▶ Data to process
-=-=-

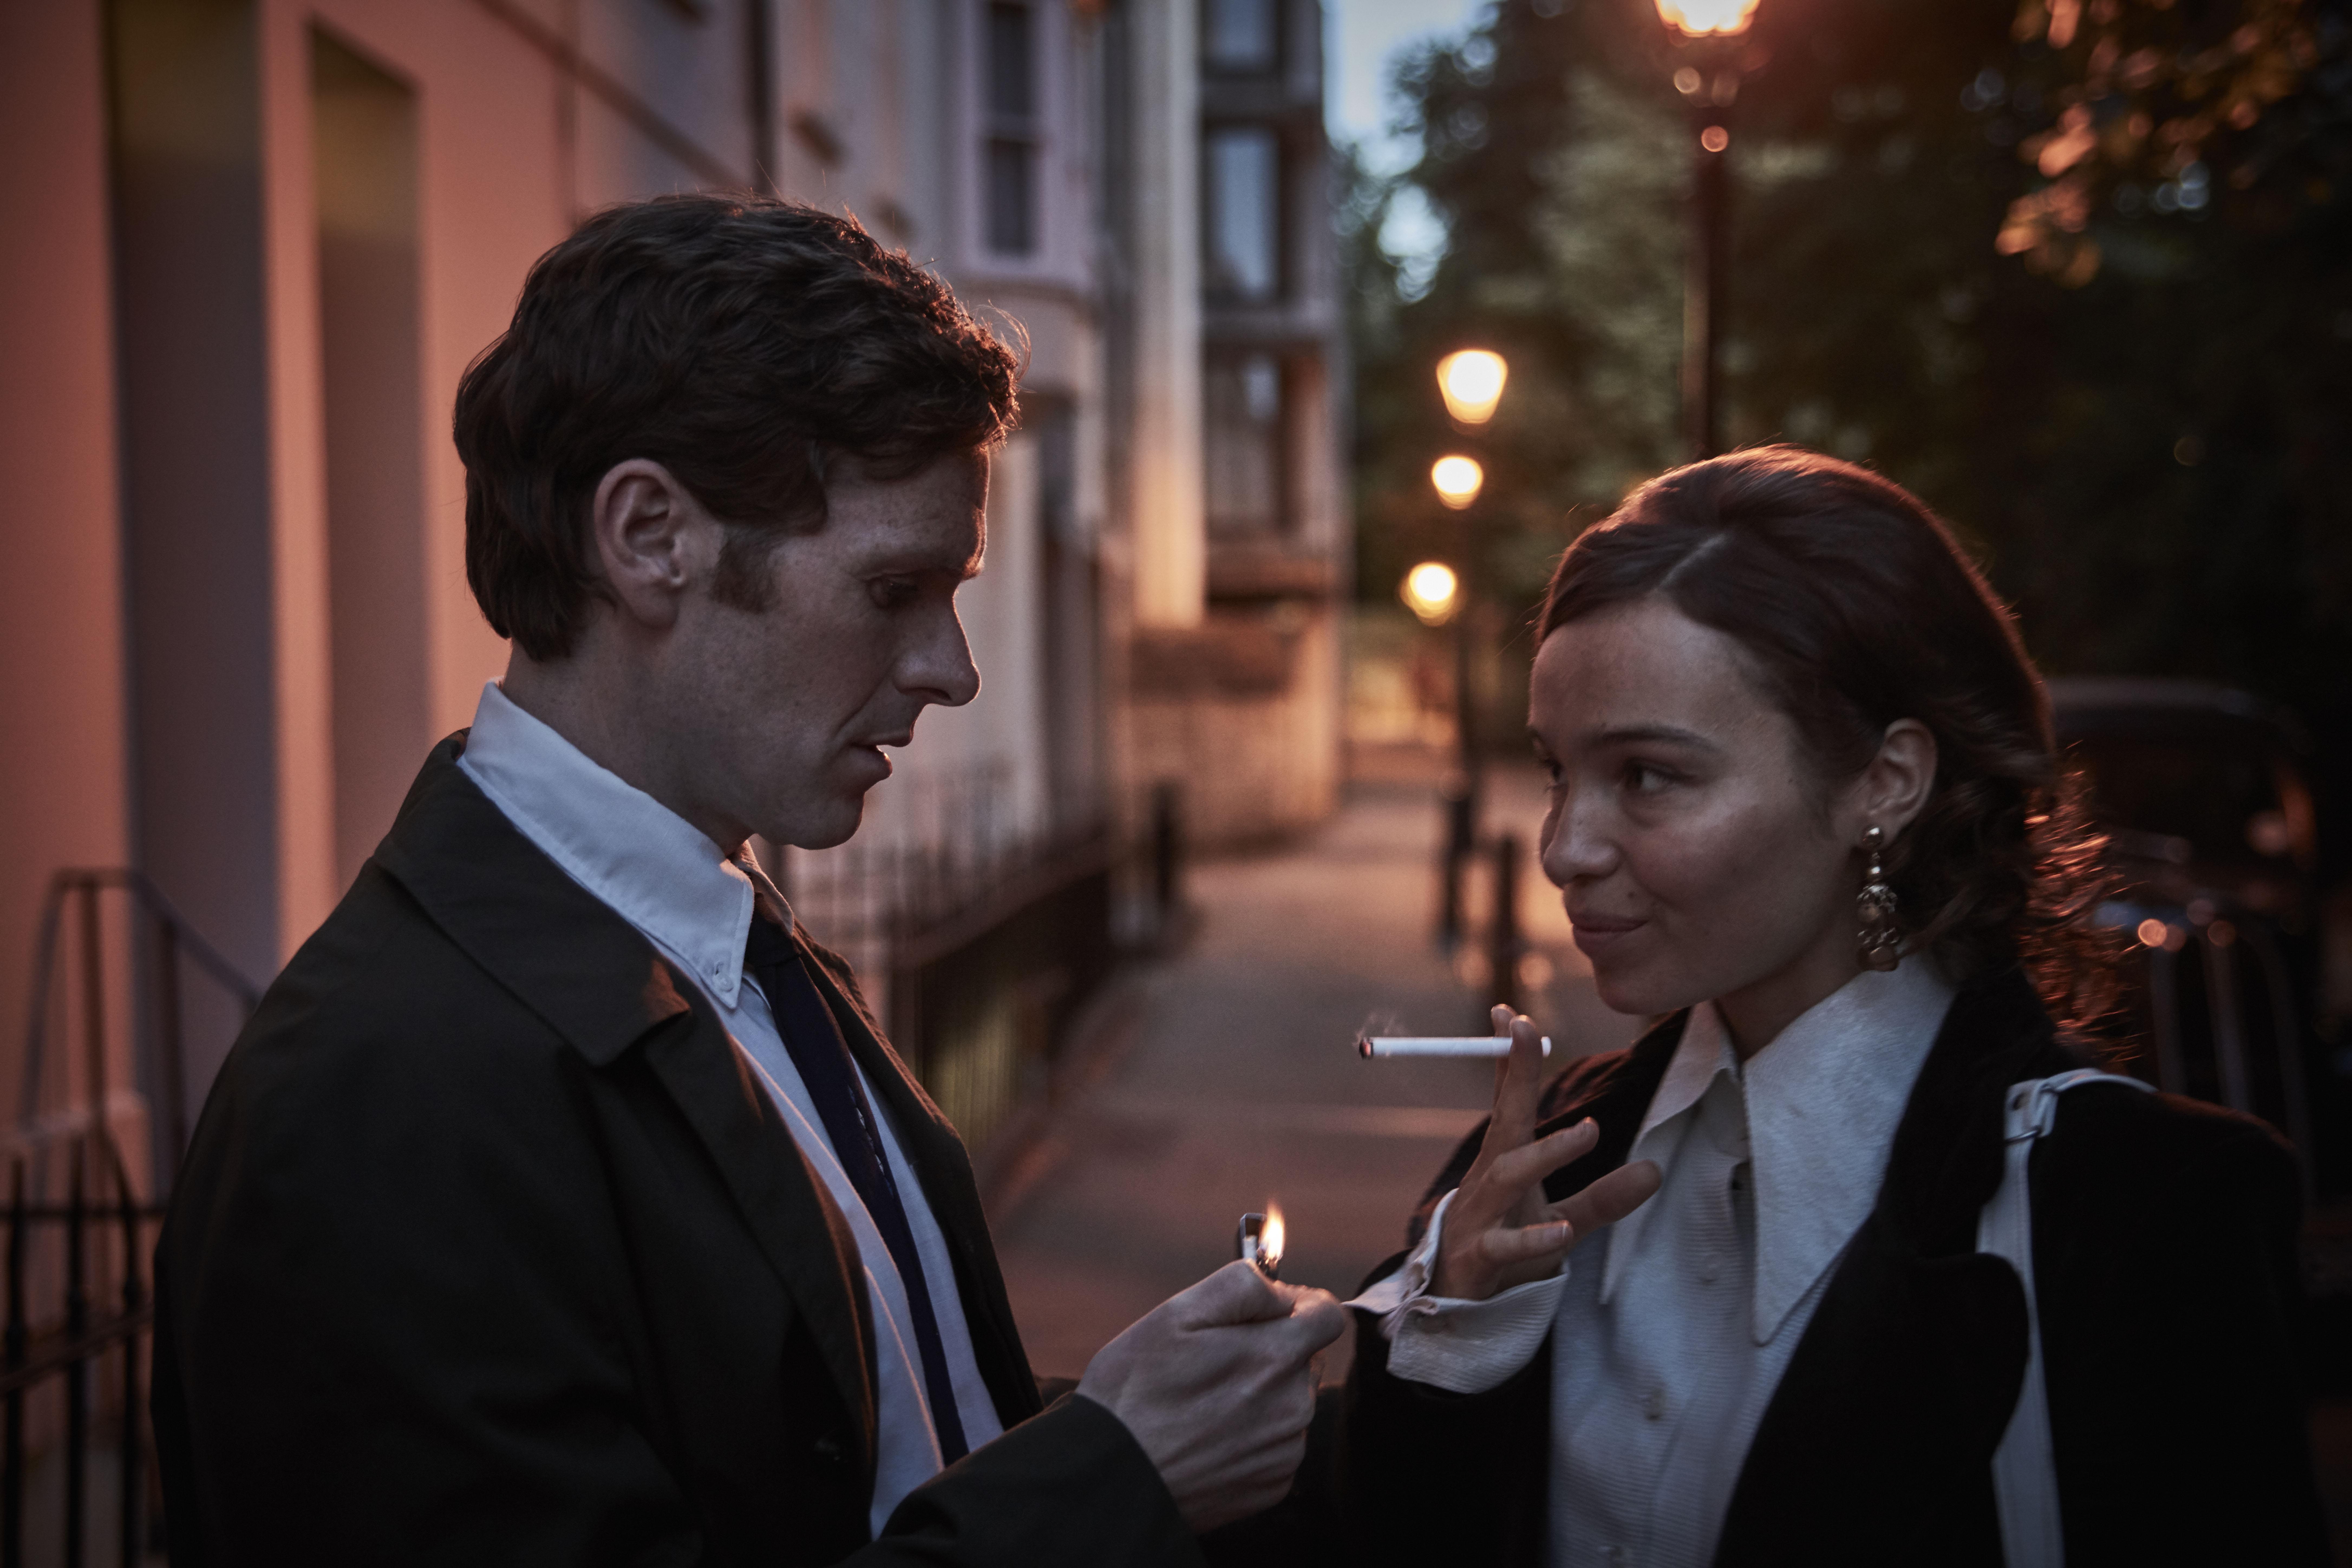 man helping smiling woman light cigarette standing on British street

-=-=-

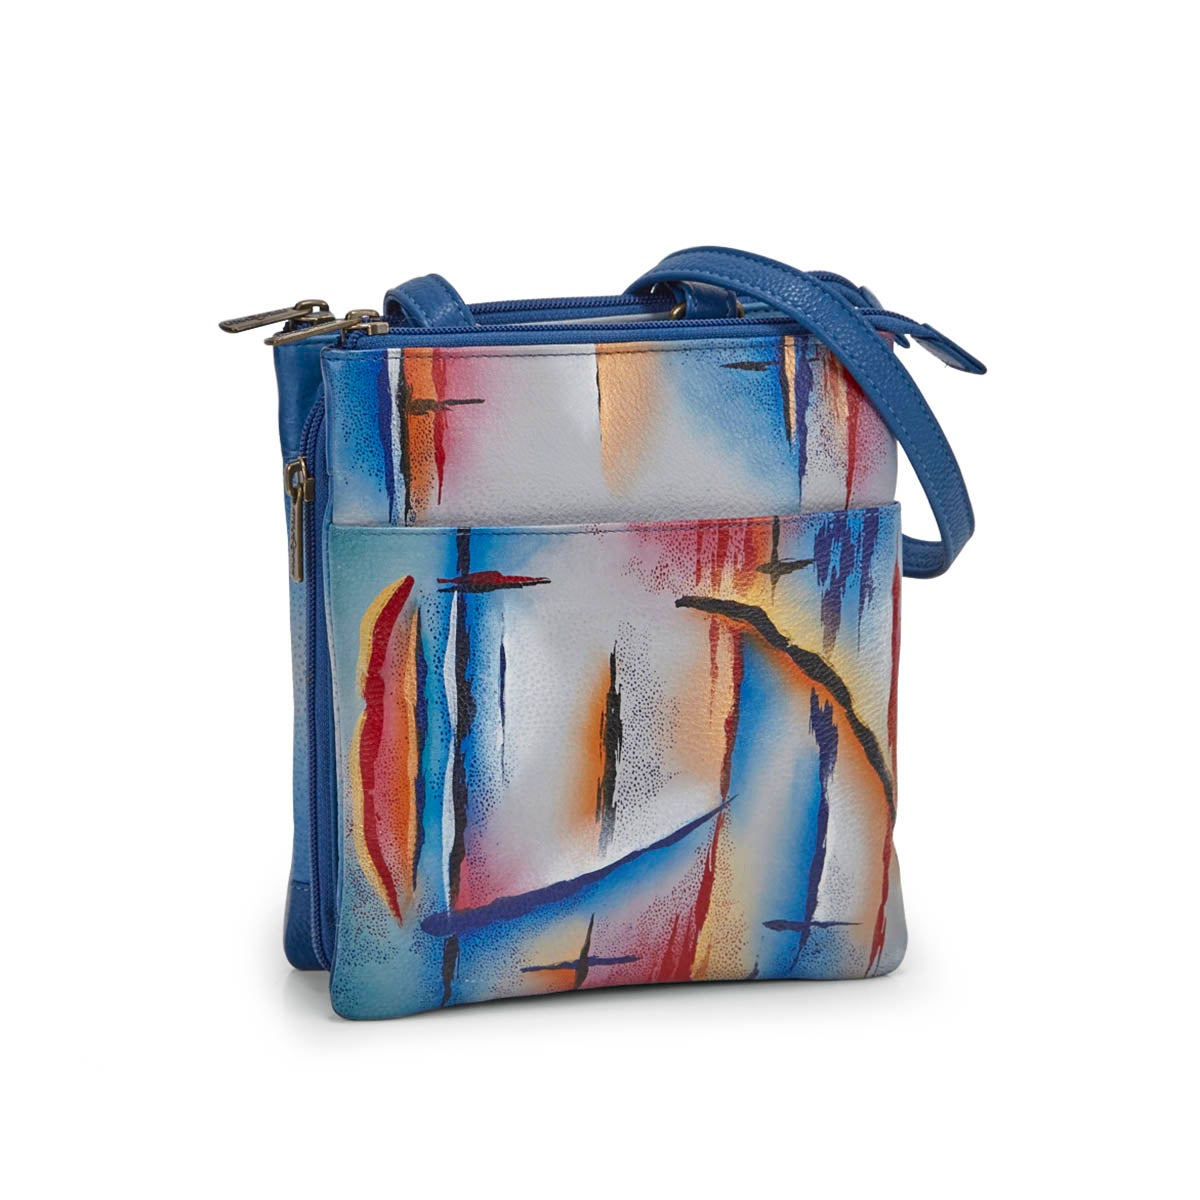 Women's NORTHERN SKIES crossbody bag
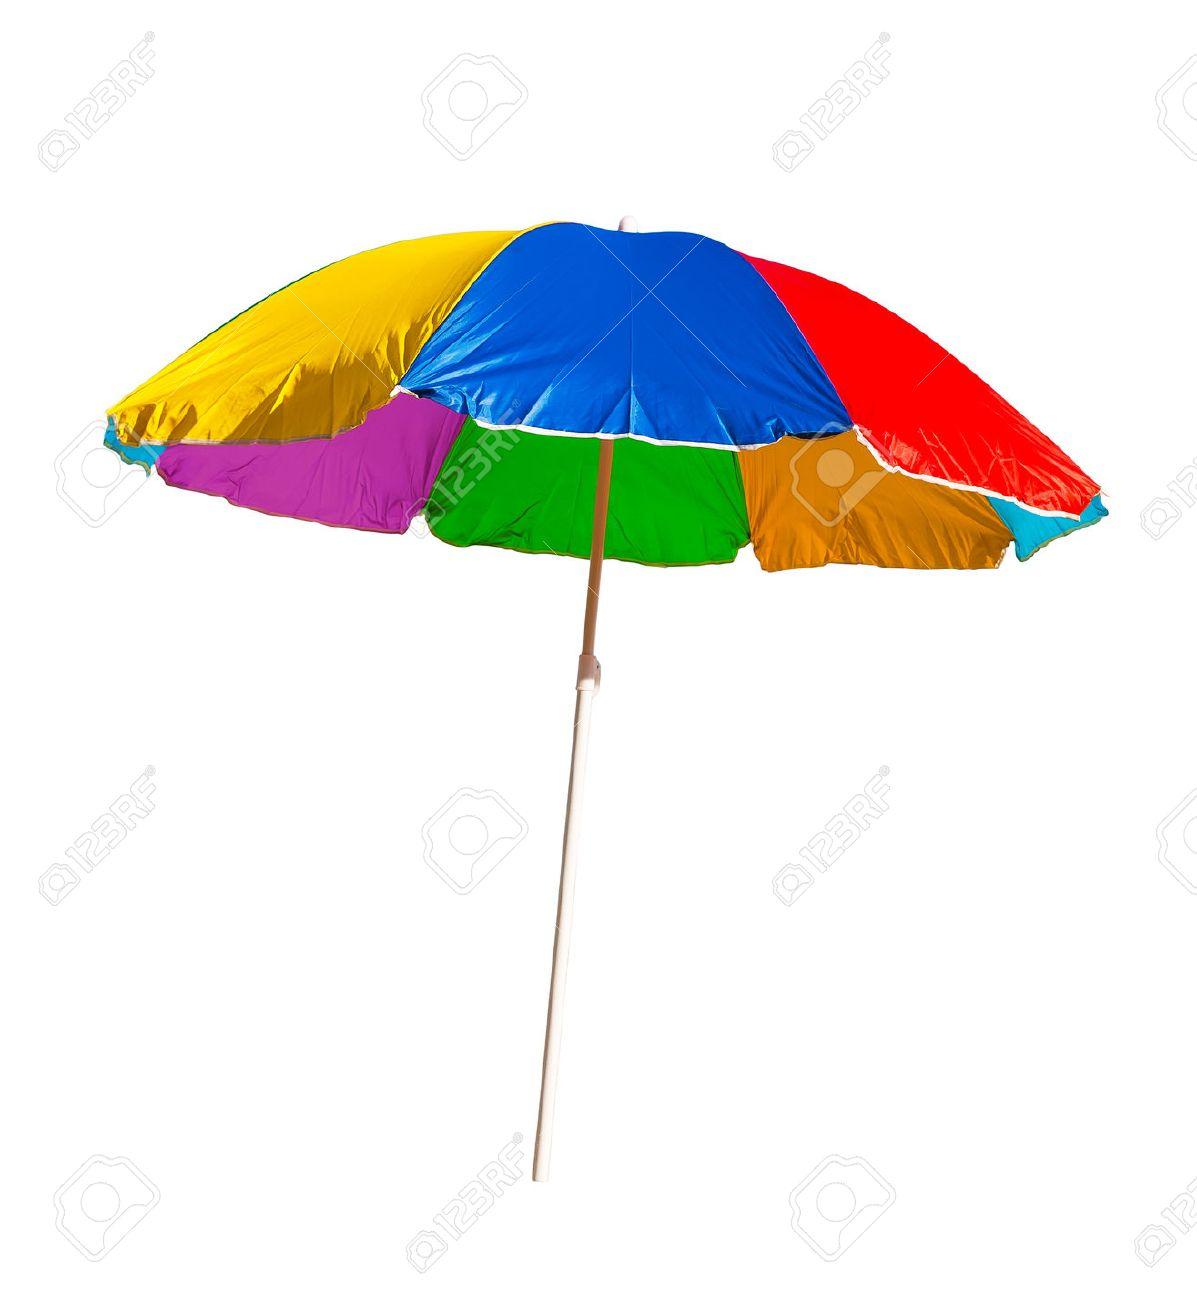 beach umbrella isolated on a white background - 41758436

-=-=-

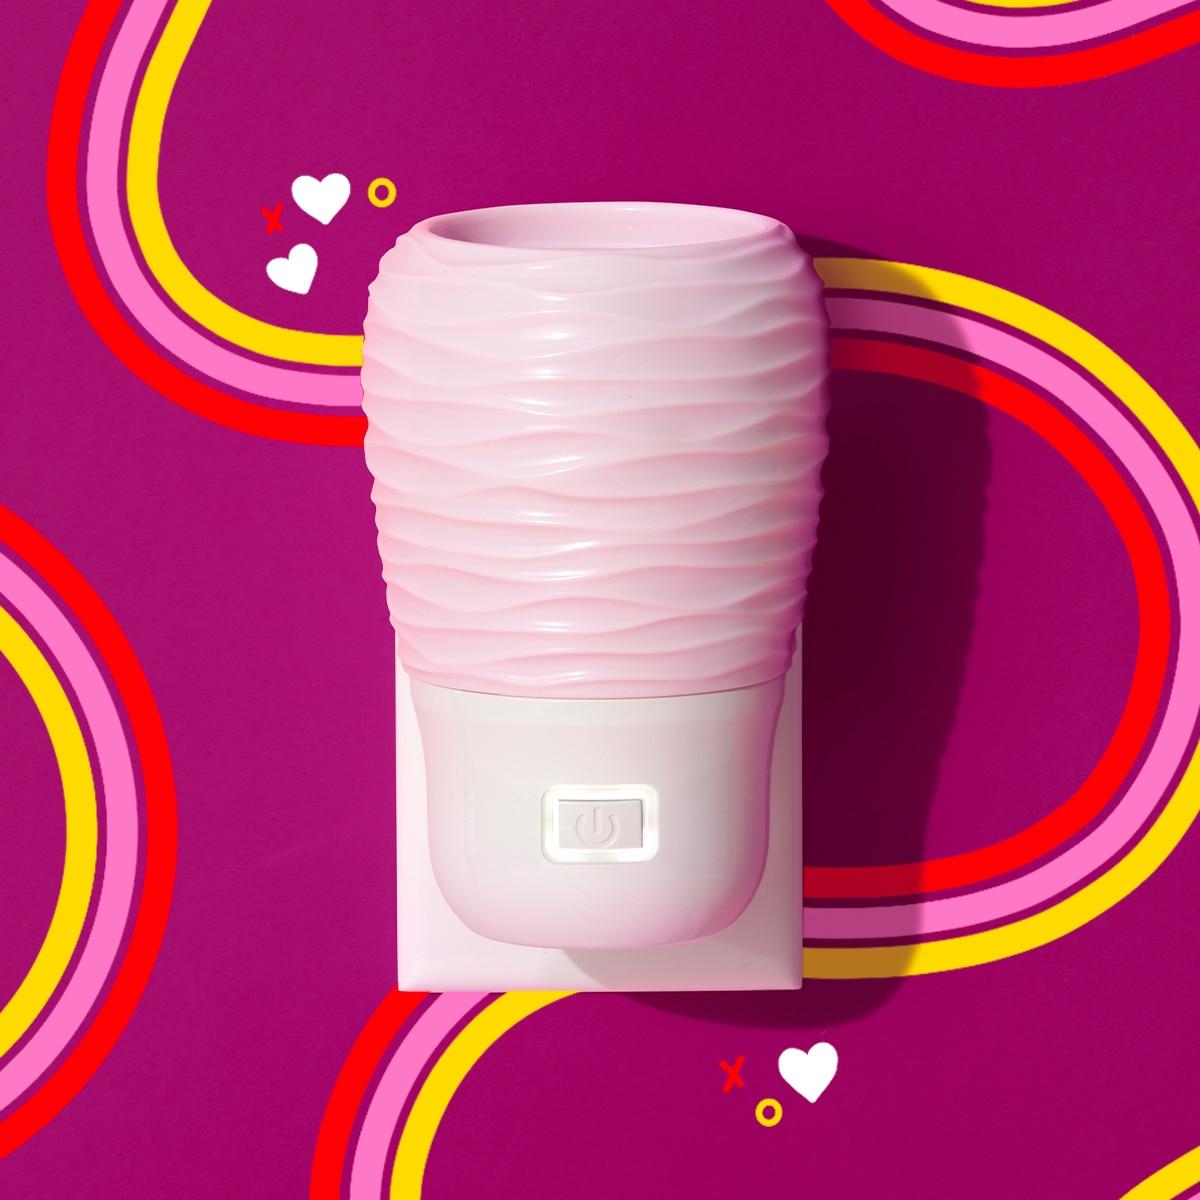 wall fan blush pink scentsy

-=-=-

▶ To do
Pictures aside, print exactly the lines above starting with the one containing "Women's NORTHERN SKIES crossbody bag" and going on through the one containing "beach umbrella isolated".

▶ Exercise response
 Women's NORTHERN SKIES crossbody bag
 beach umbrella isolated on a white background - 41758436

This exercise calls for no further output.